==== GIVEN MATERIAL

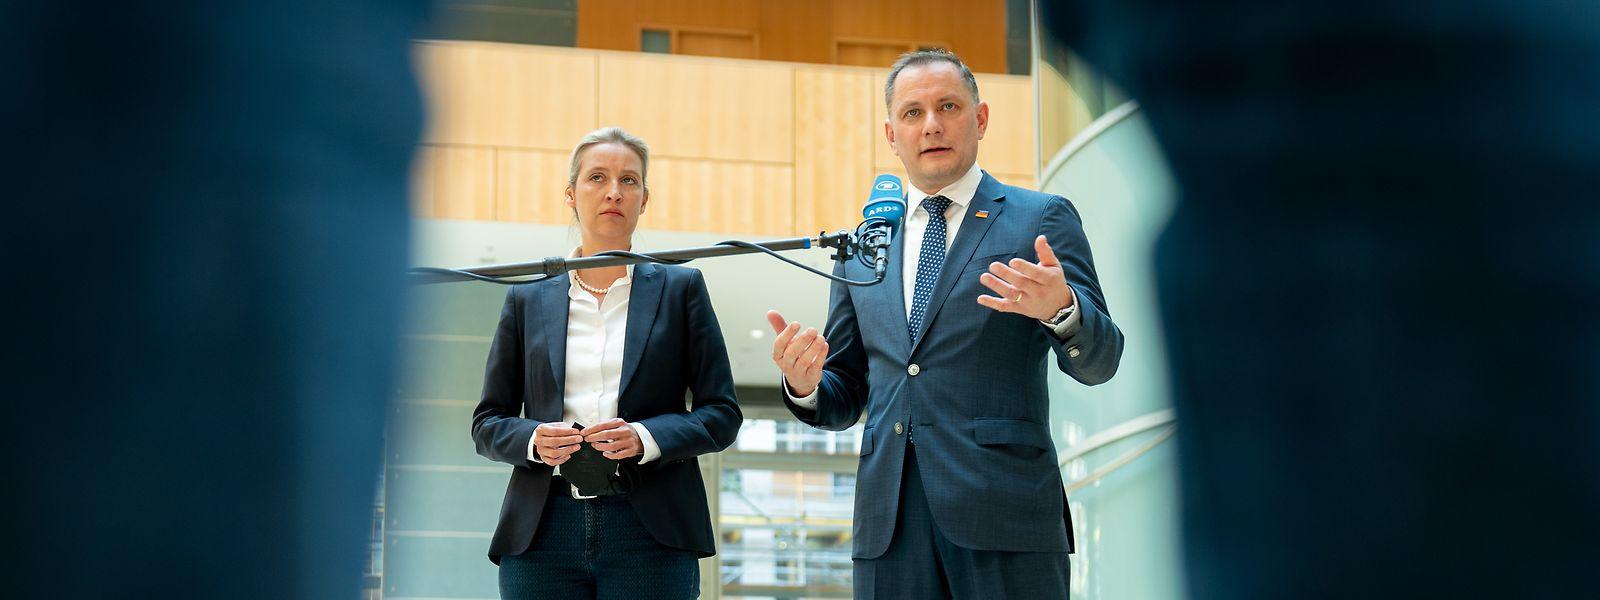 Alice Weidel, Fraktionsvorsitzende der AfD im Bundestag, und Tino Chrupalla, AfD-Bundesvorsitzender, stellen sich den Medienvertretern als Spitzenkandidatenduo für die Bundestagswahl vor.
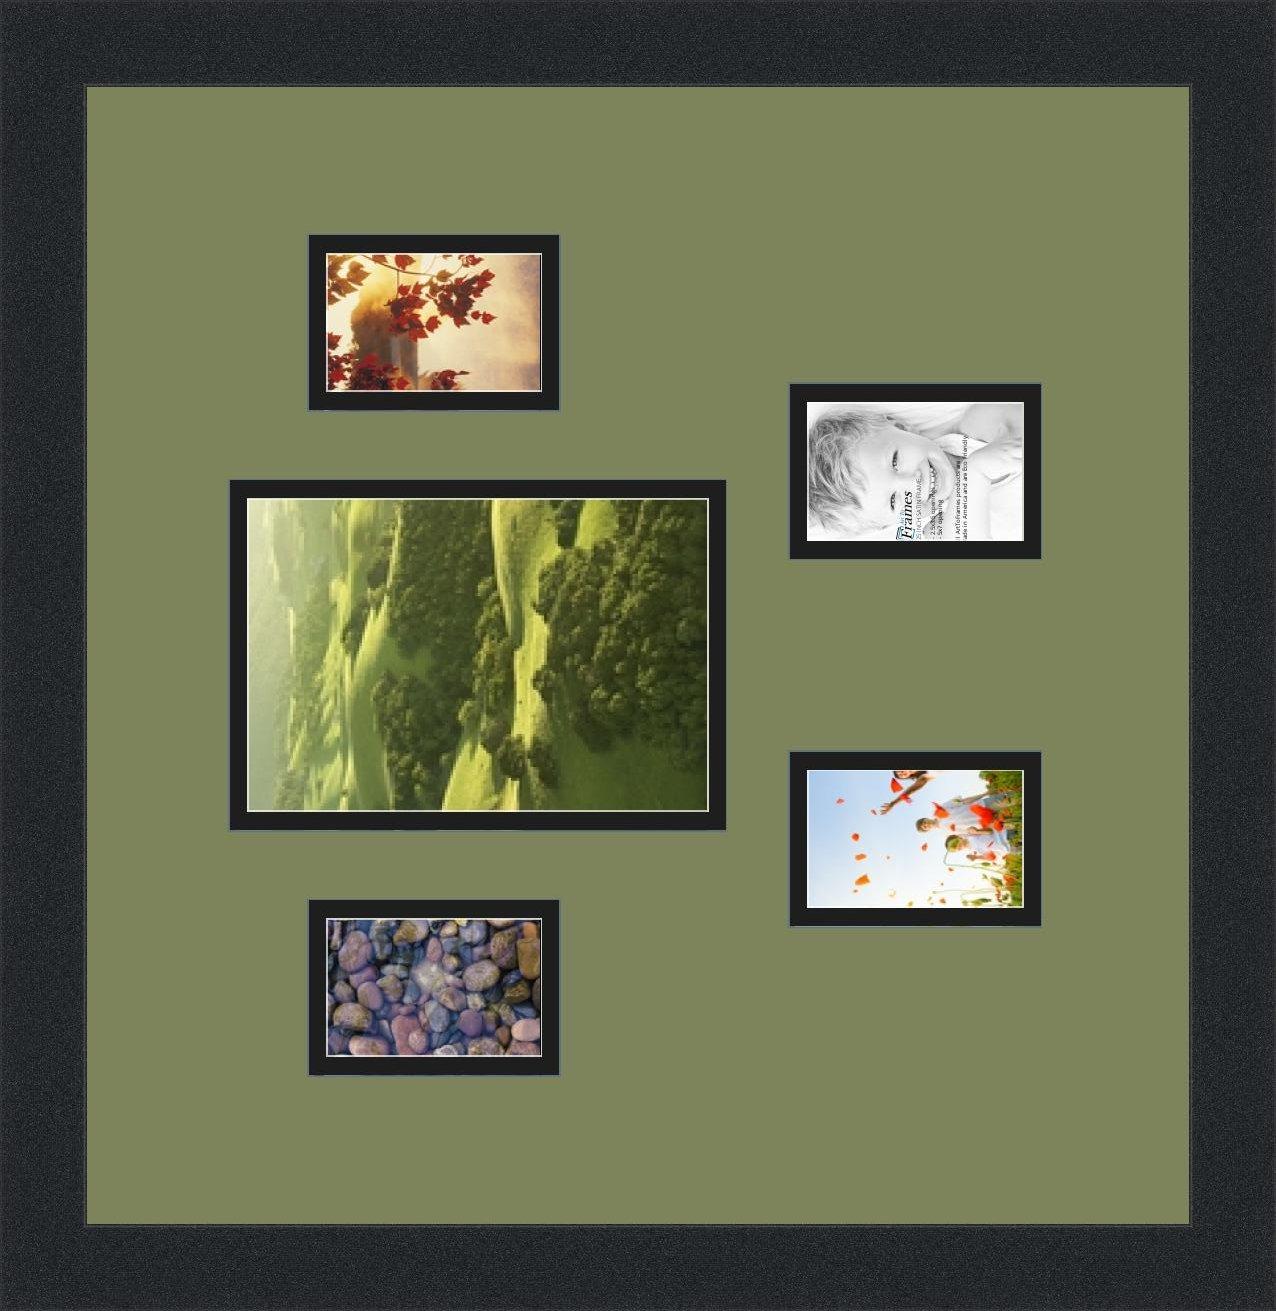 Groß Bilderrahmen Für 3 5x7 Fotos Zeitgenössisch ...
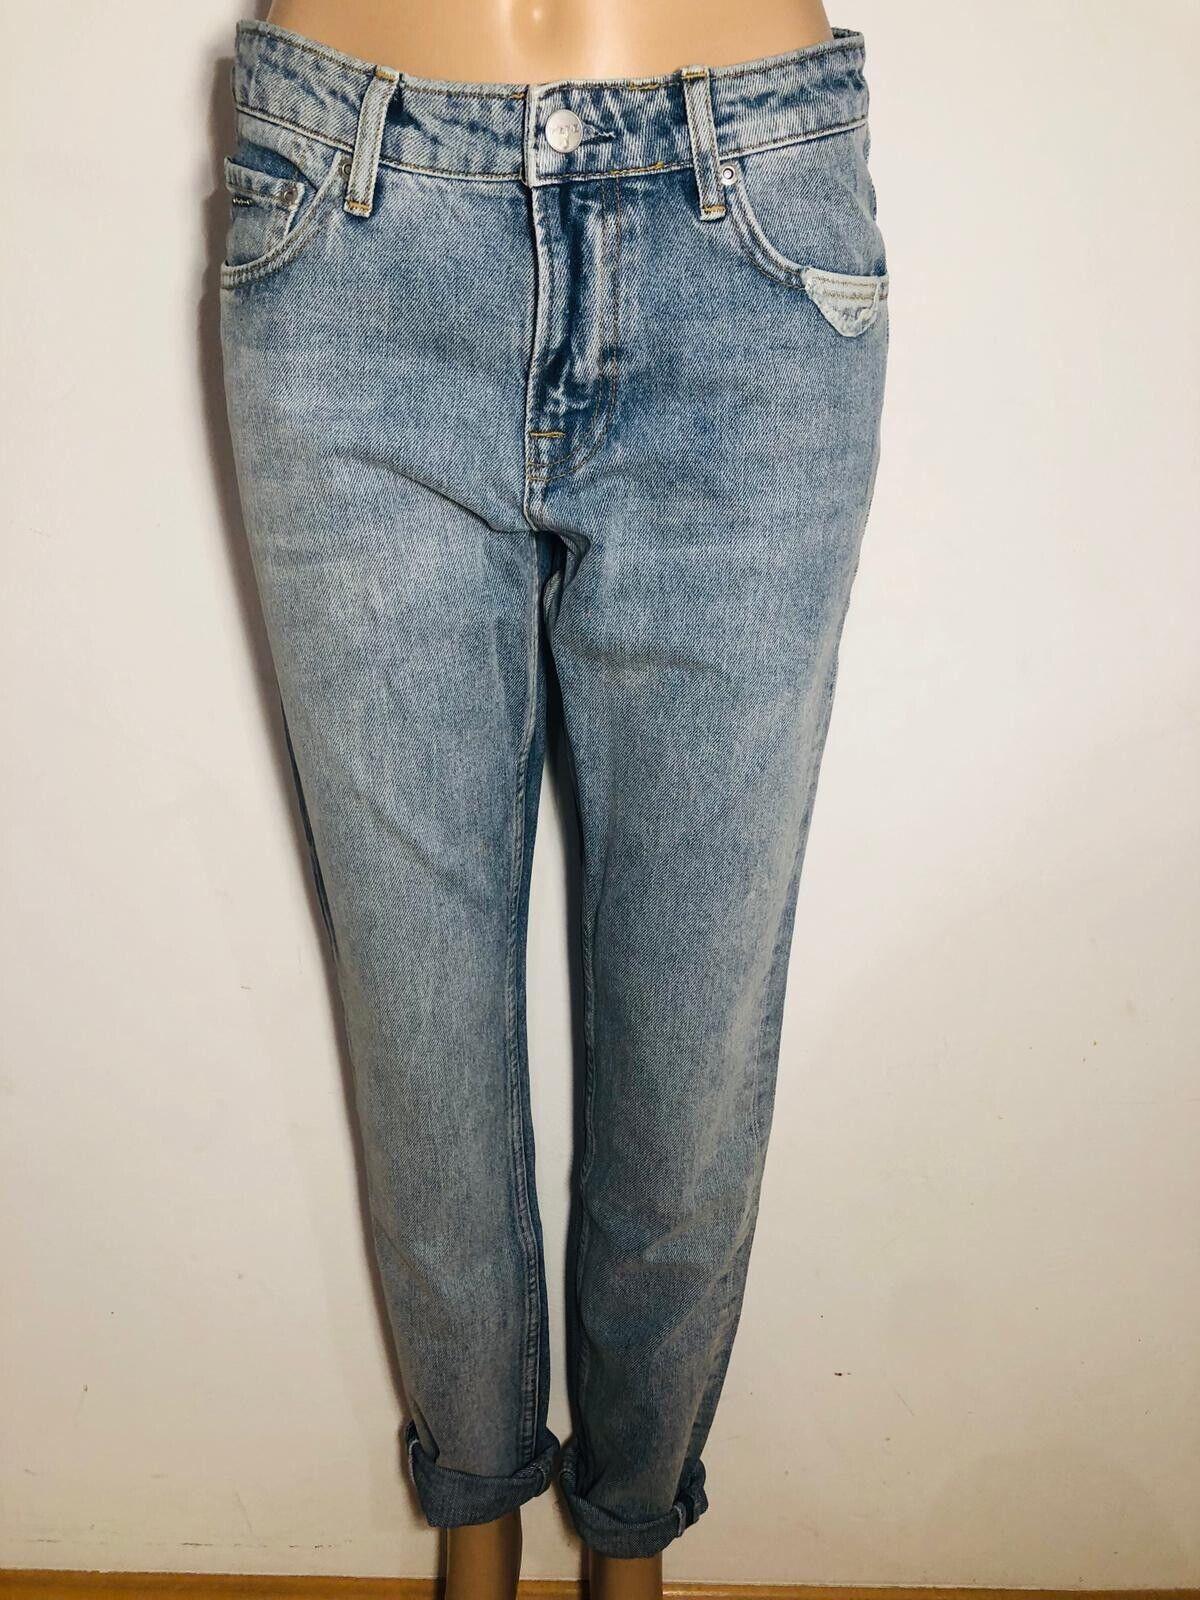 Pepe Jeans  Jeans straight leg HEIDI in hellblue K90  NEU W26 L32 1151mä

========

**ACTION ITEM:** Without the pictures, retype exactly the lines from the one that holds "Groß Bilderrahmen Für" to the last line of the data above, both of them included.

**EXERCISE OUTPUT:**
 Groß Bilderrahmen Für 3 5x7 Fotos Zeitgenössisch ...
 Pepe Jeans  Jeans straight leg HEIDI in hellblue K90  NEU W26 L32 1151mä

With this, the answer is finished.